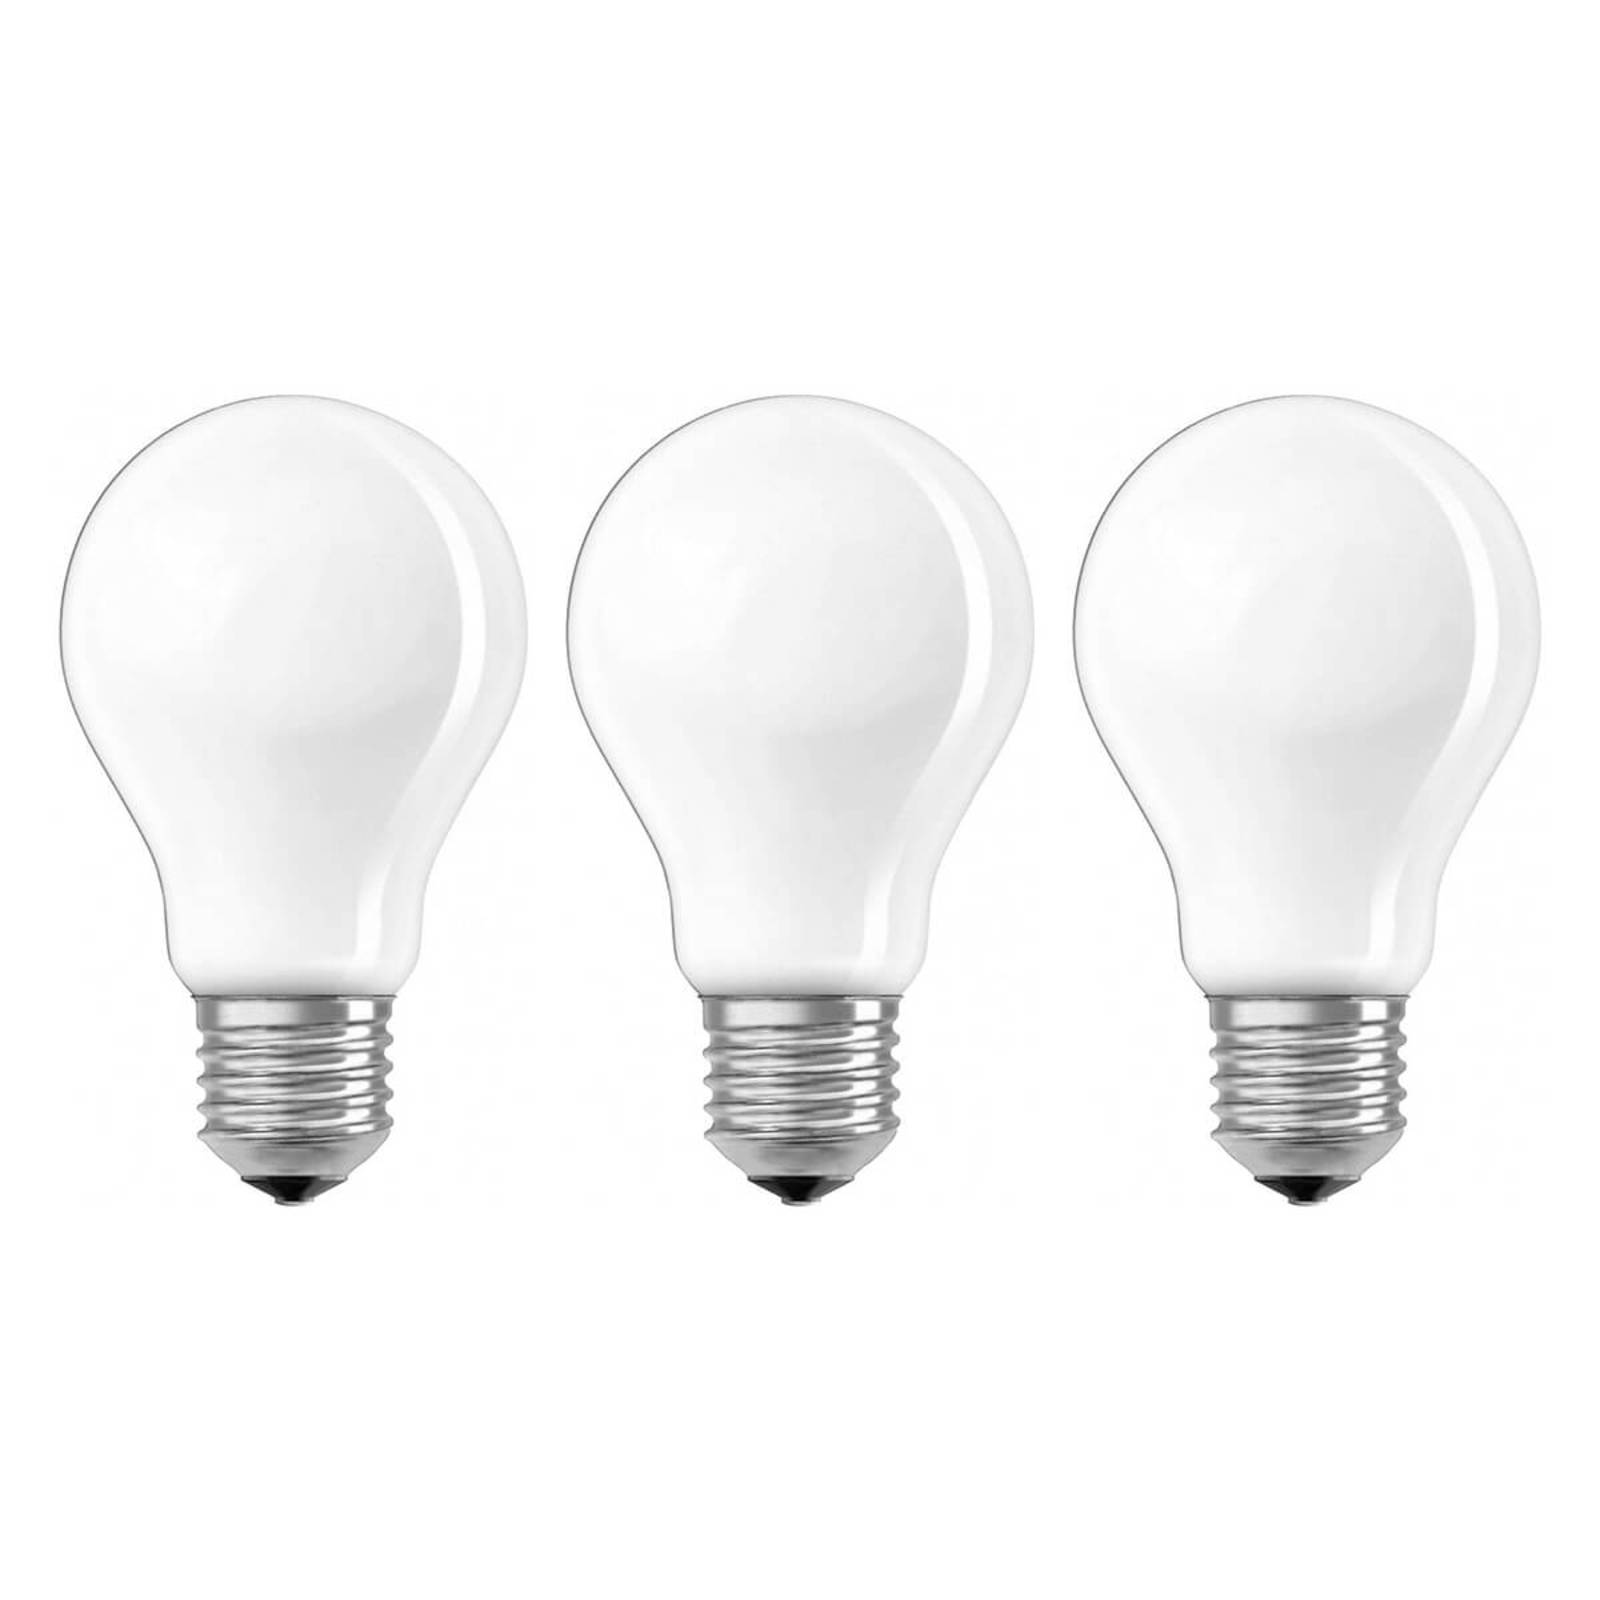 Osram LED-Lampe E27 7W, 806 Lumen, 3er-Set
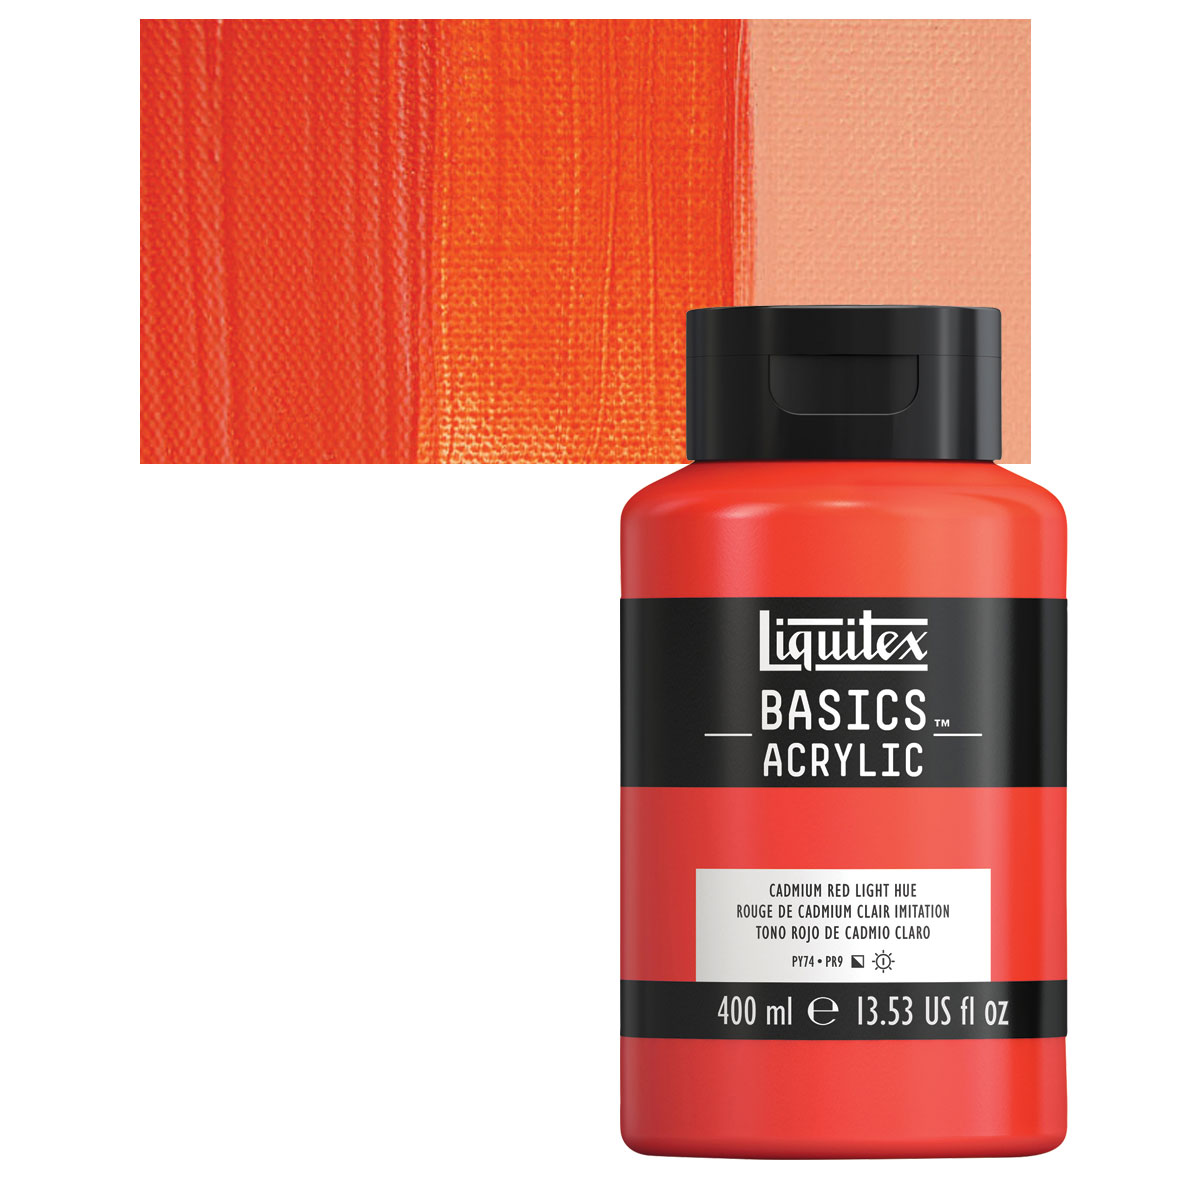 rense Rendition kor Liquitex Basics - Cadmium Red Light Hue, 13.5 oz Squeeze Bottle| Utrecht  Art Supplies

==

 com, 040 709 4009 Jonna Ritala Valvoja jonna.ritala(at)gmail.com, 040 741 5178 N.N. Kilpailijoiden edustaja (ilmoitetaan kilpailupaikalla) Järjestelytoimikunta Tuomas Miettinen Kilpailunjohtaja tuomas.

---

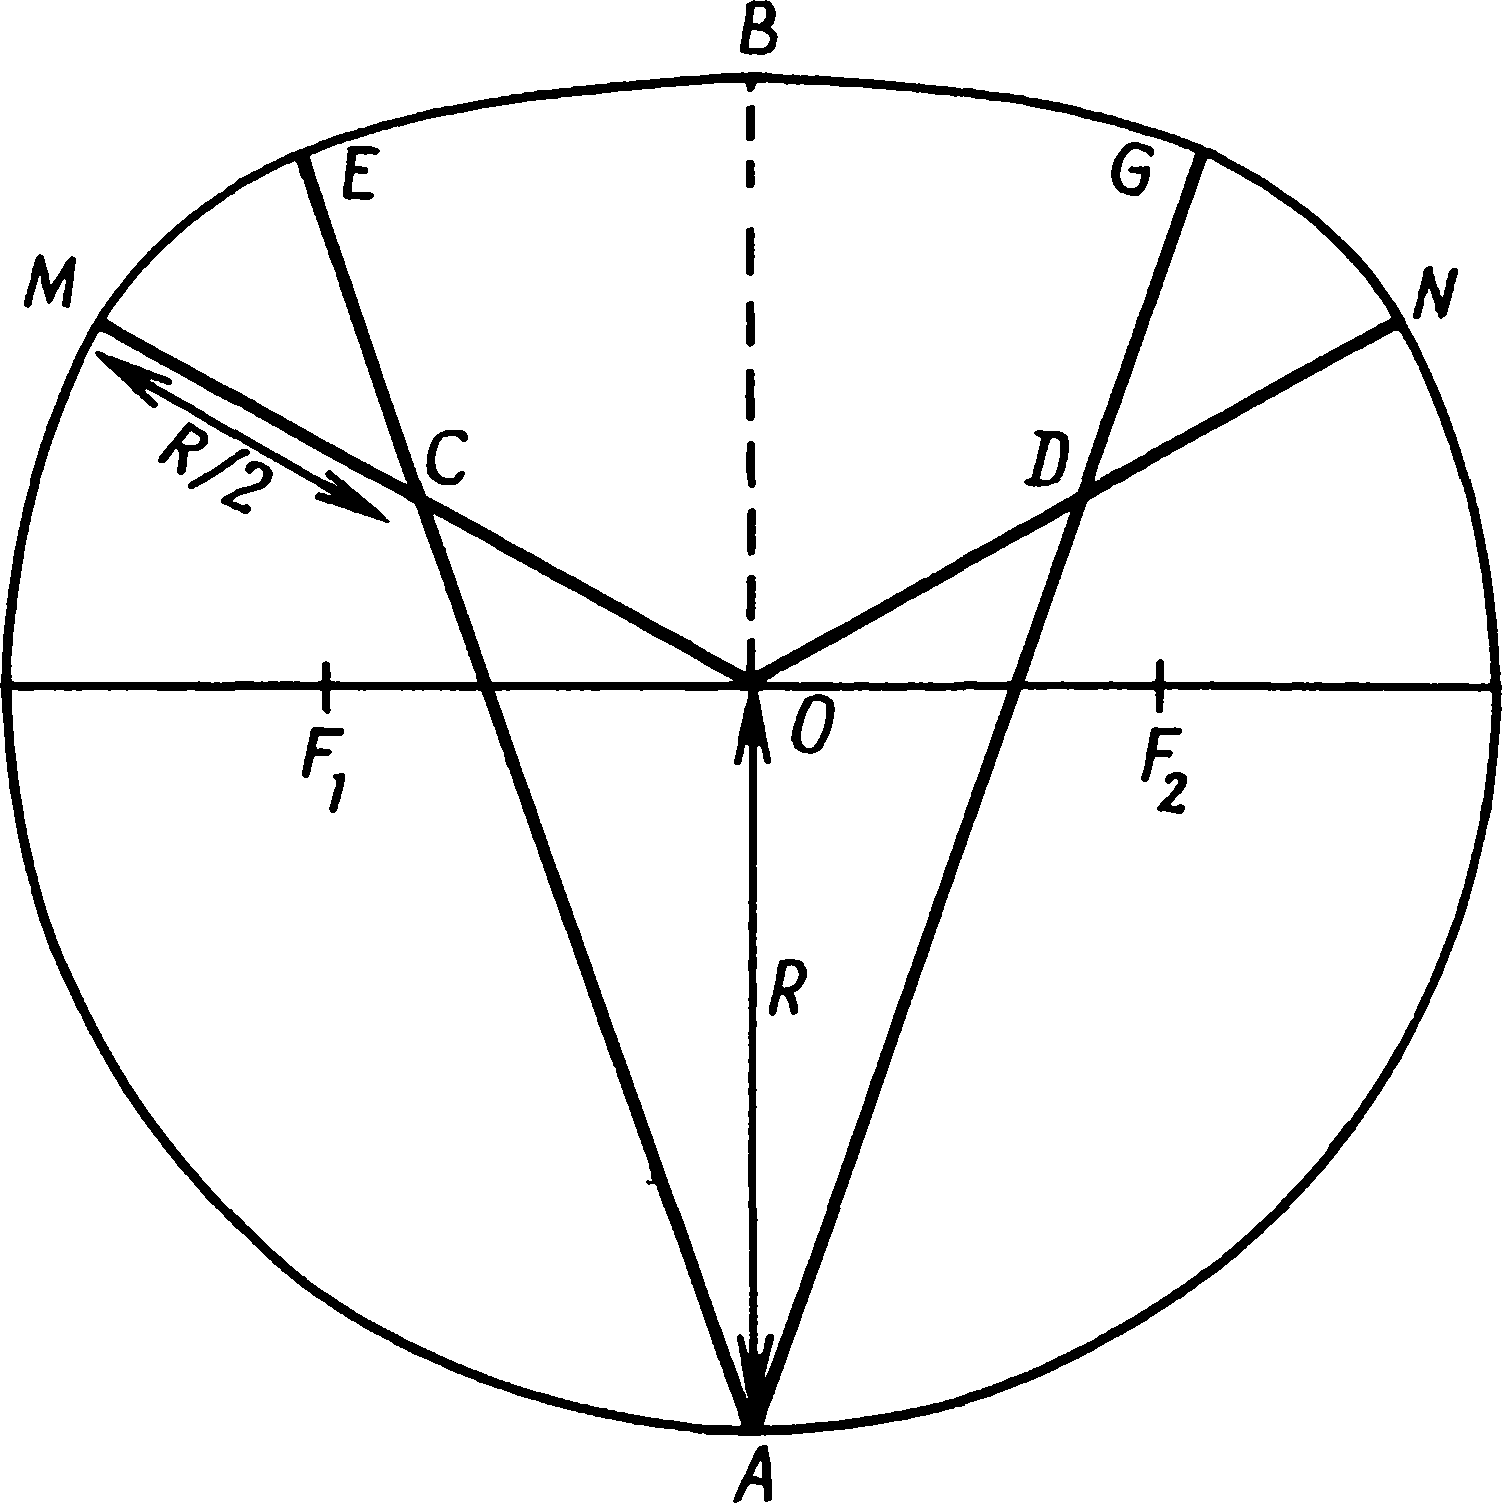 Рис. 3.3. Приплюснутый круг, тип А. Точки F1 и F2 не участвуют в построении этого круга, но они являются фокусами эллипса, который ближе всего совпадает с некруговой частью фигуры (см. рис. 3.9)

● **Problem statement**
Copy out exactly the material that runs from the line with "Osram LED-Lampe E27 7W, 806 Lumen, 3er-Set" to the line with "rense Rendition kor", ends included, and leave the pictures behind.

● **Answer to this problem**
 Osram LED-Lampe E27 7W, 806 Lumen, 3er-Set
 rense Rendition kor Liquitex Basics - Cadmium Red Light Hue, 13.5 oz Squeeze Bottle| Utrecht  Art Supplies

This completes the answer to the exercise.